## [Available data]
--

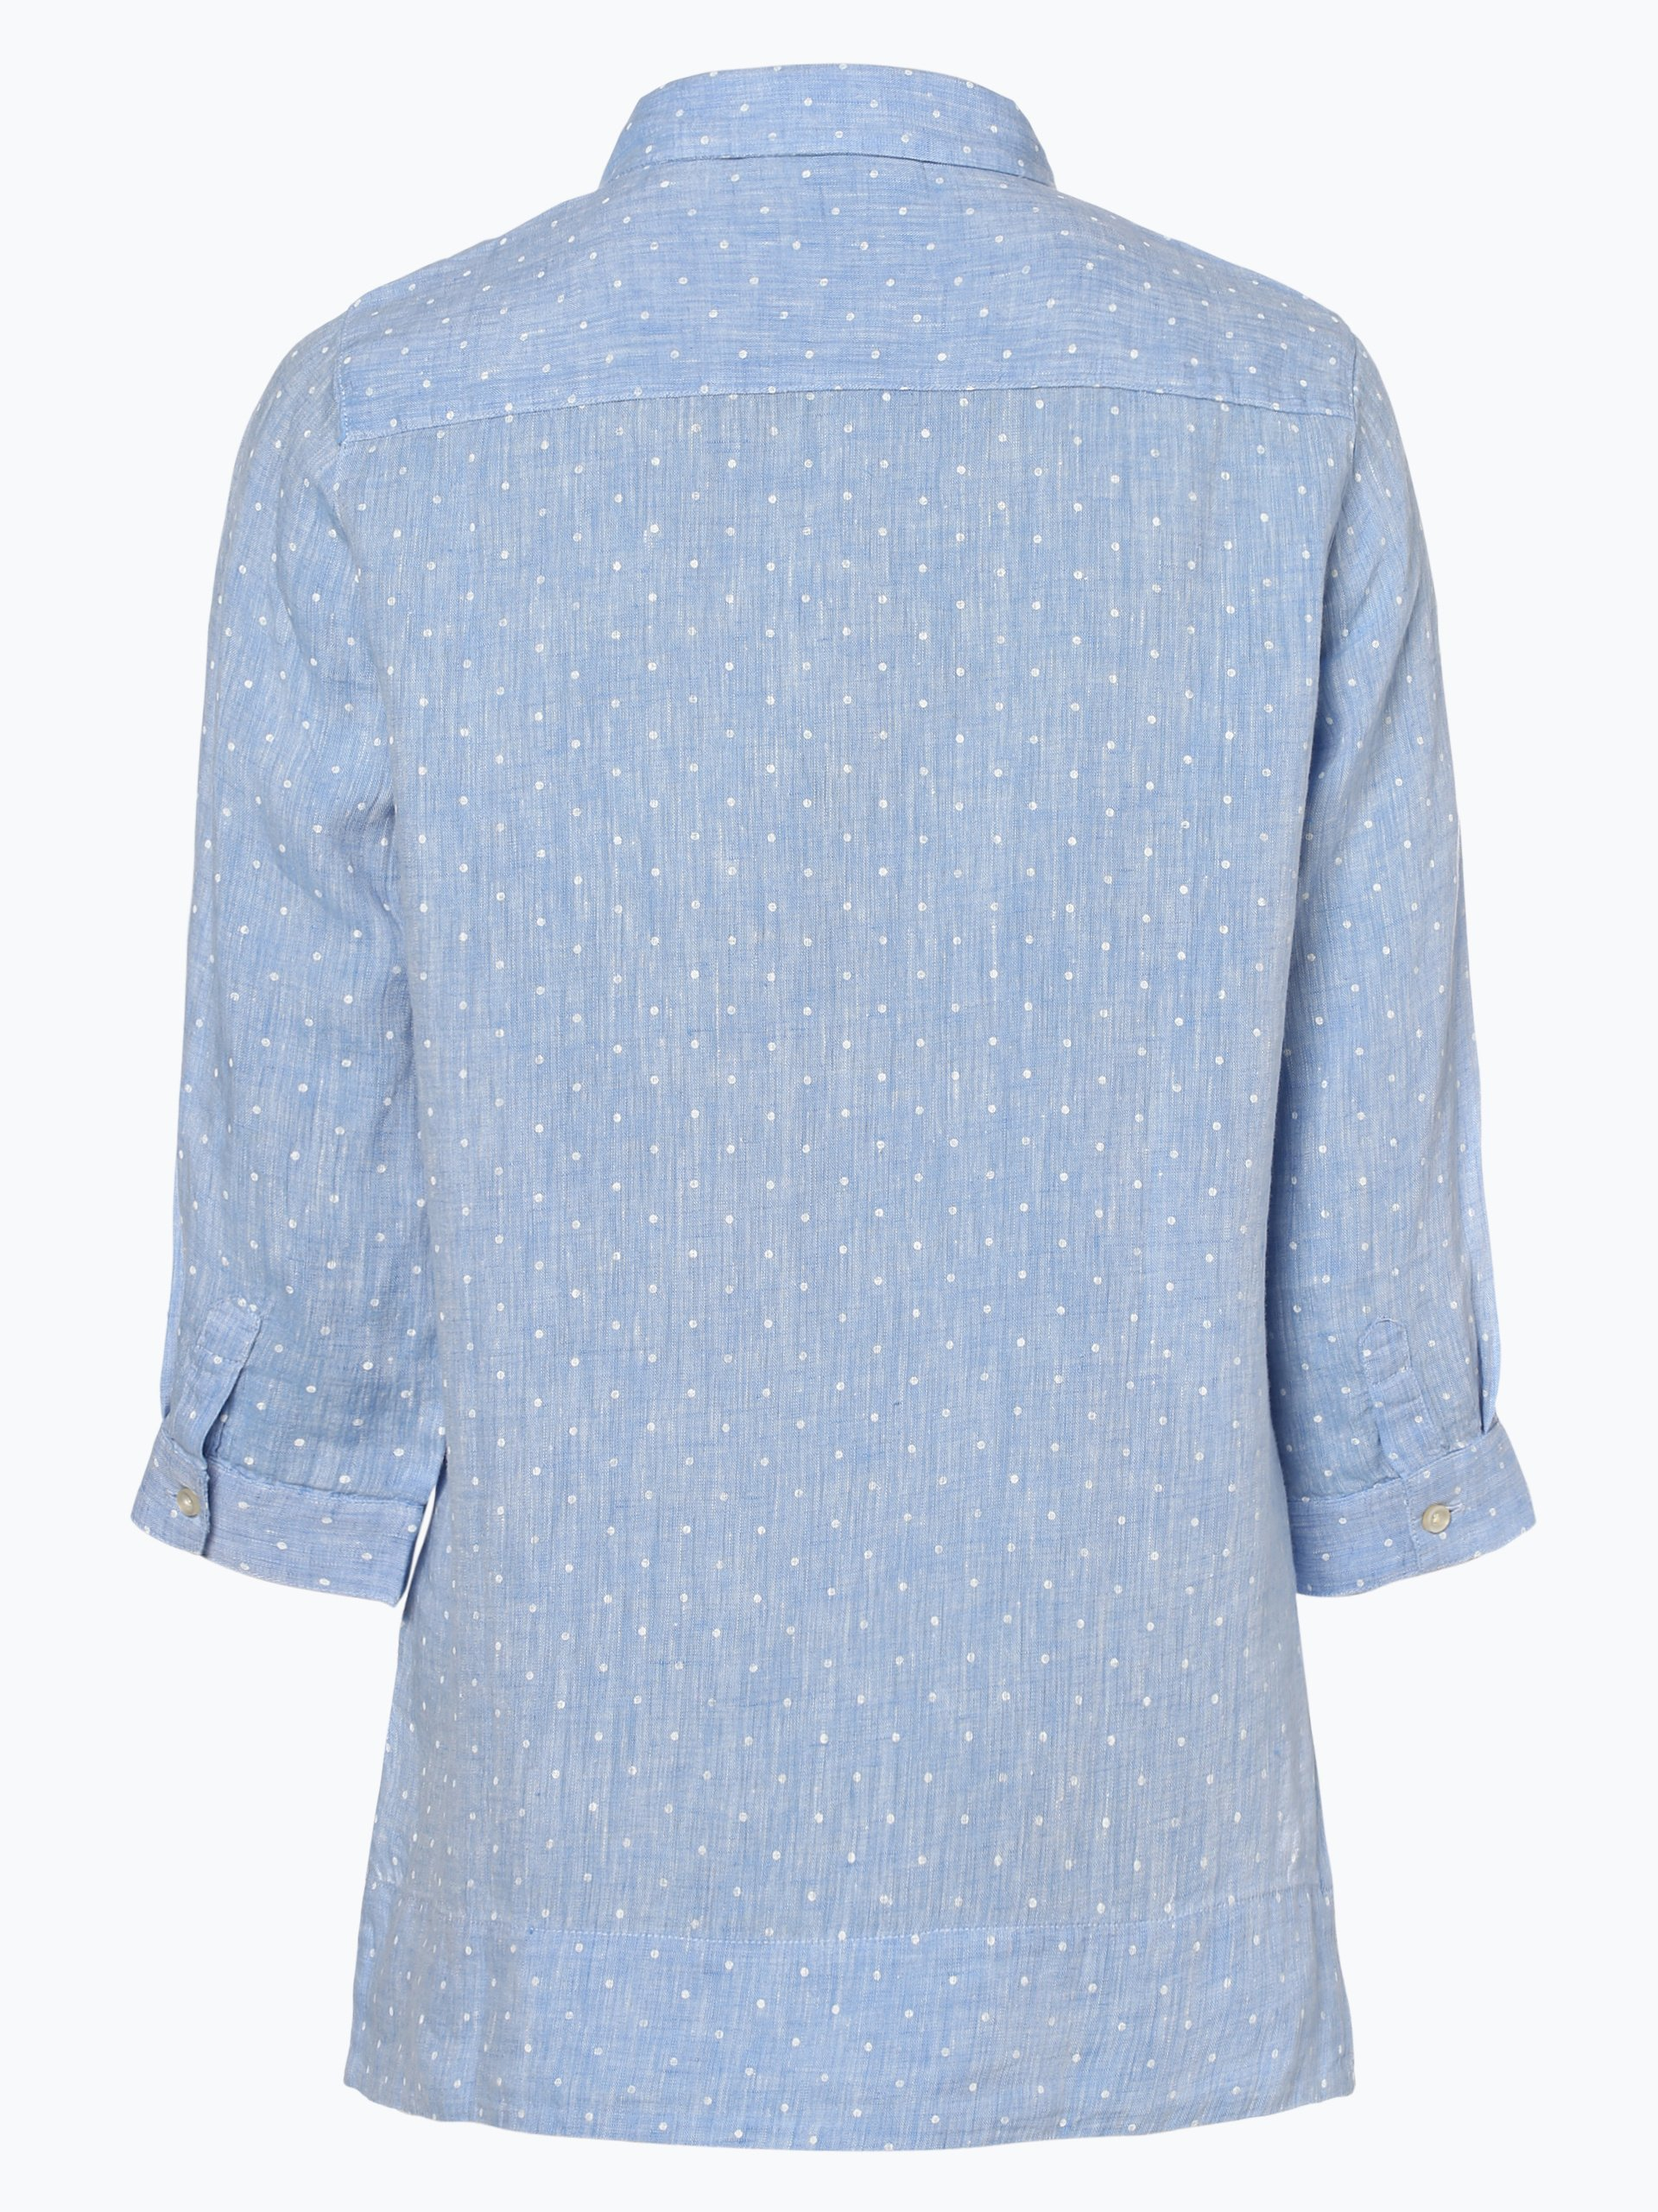 Franco Callegari Damen Bluse aus Leinen
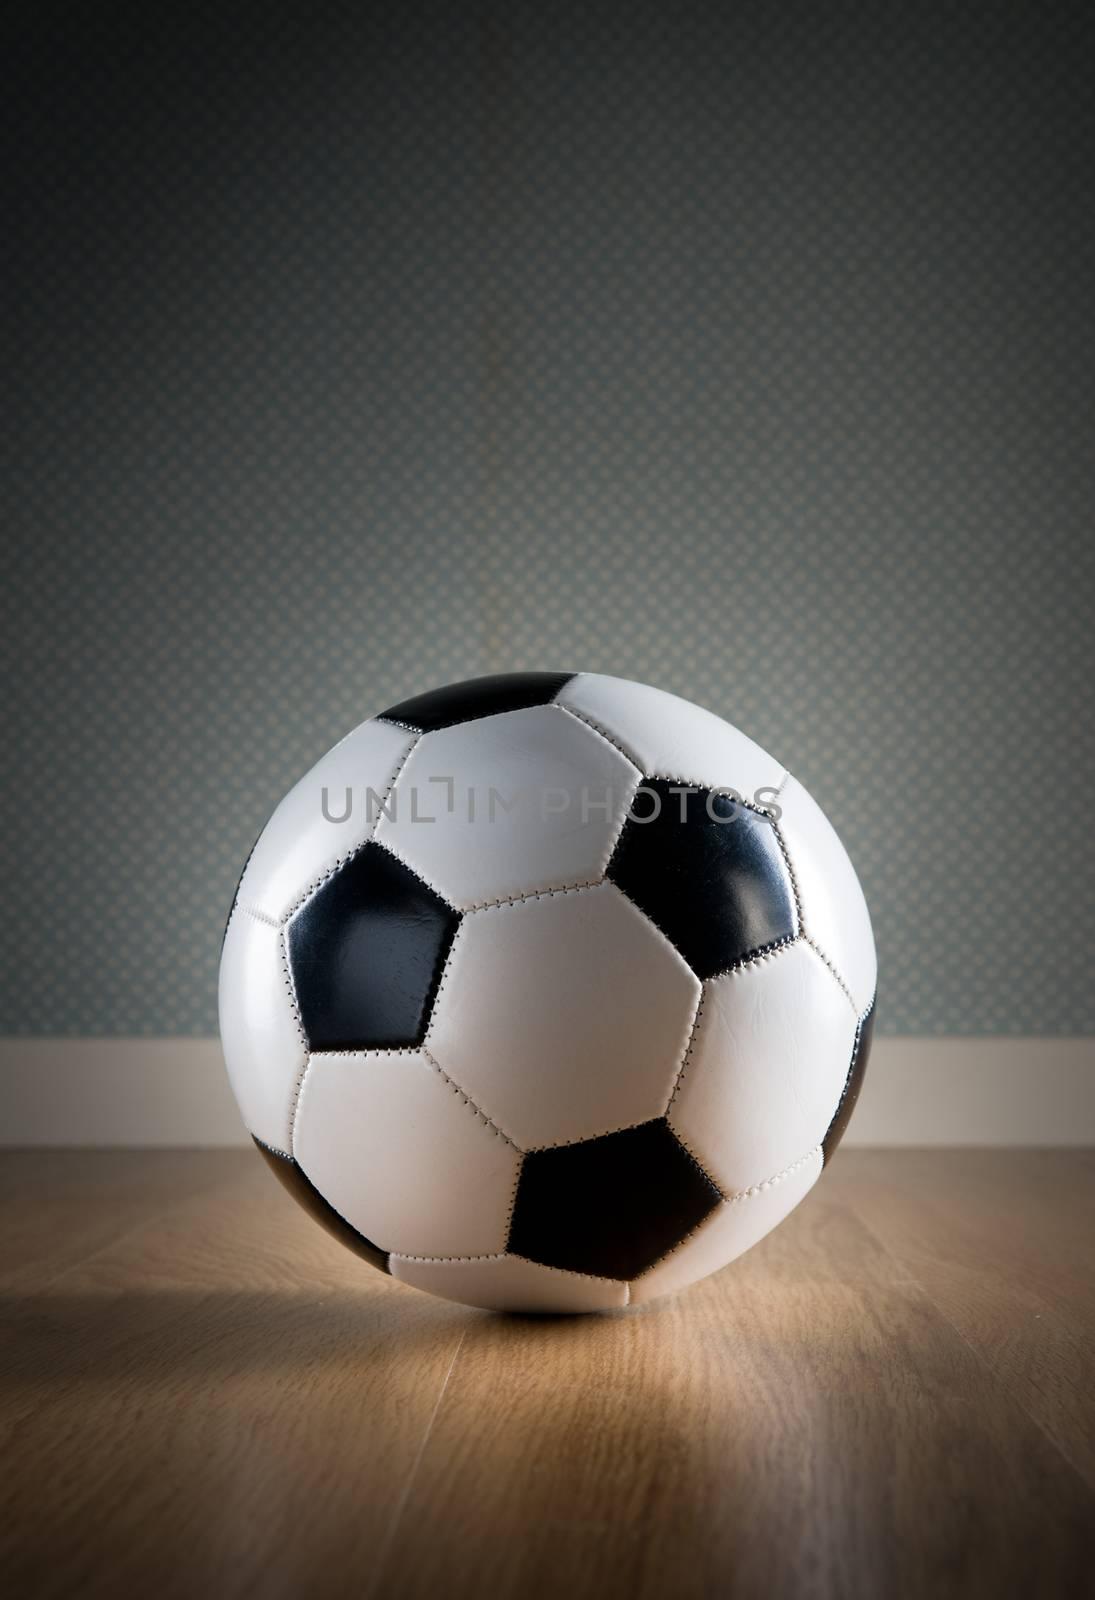 Soccer ball on hardwood floor and vintage wallpaper on background.
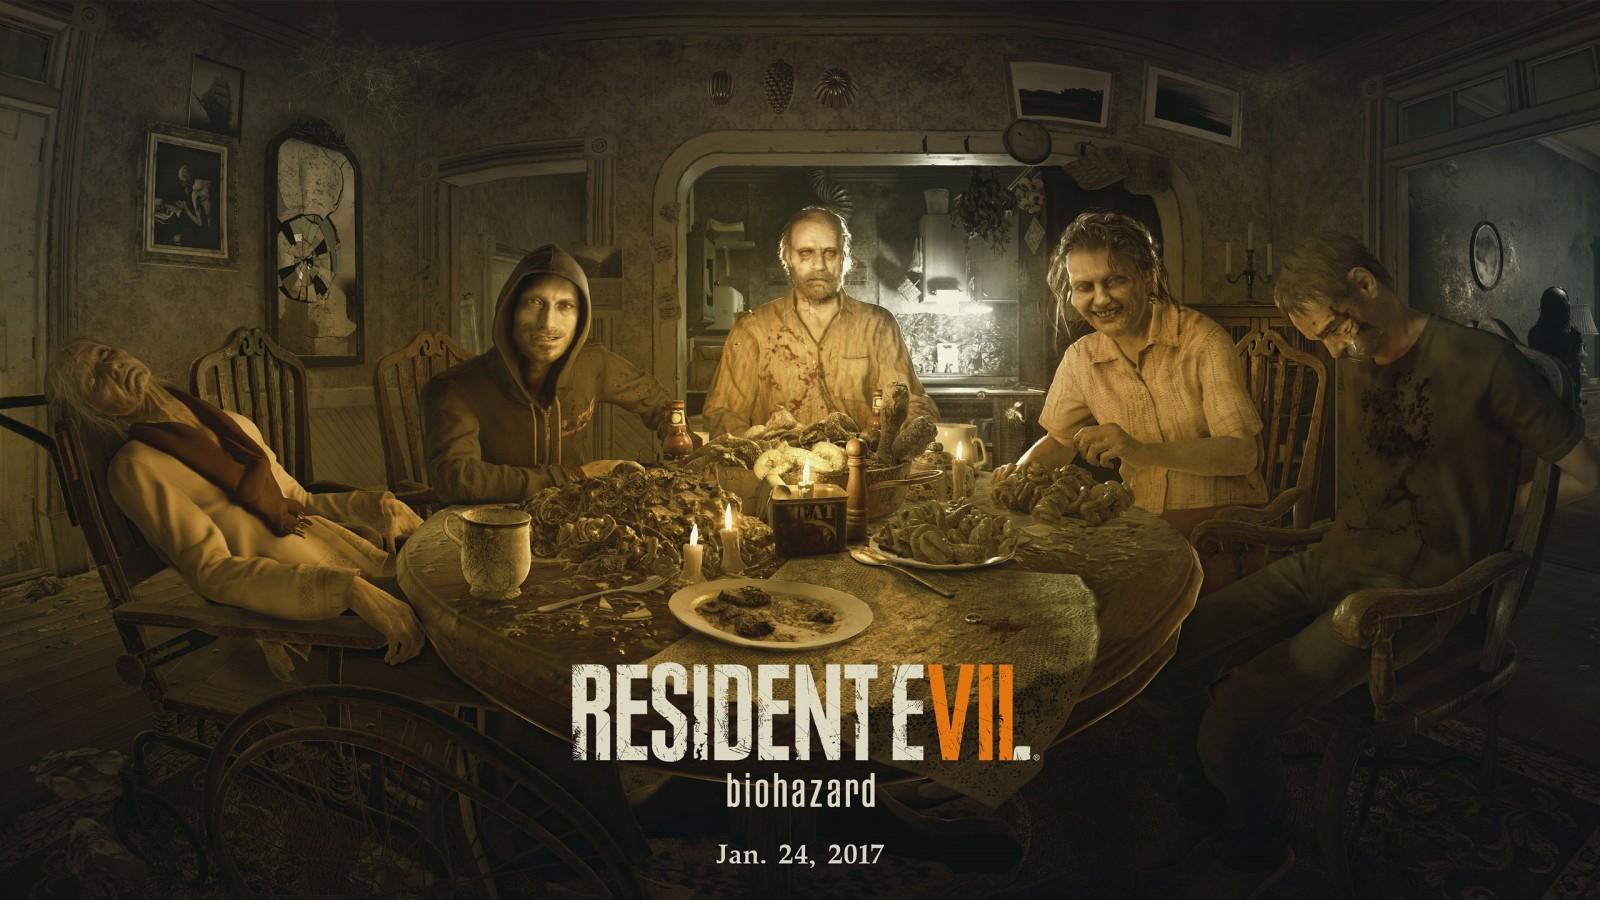 Biohazard Wallpaper 3d Resident Evil 7 Biohazard 2017 Game Wallpapers Hd

--

## [Assignment]
Pictures aside, reproduce the listing above exactly.

## [Solution below]
 Franco Callegari Damen Bluse aus Leinen
 Soccer ball on hardwood floor and vintage wallpaper on background.
 Biohazard Wallpaper 3d Resident Evil 7 Biohazard 2017 Game Wallpapers Hd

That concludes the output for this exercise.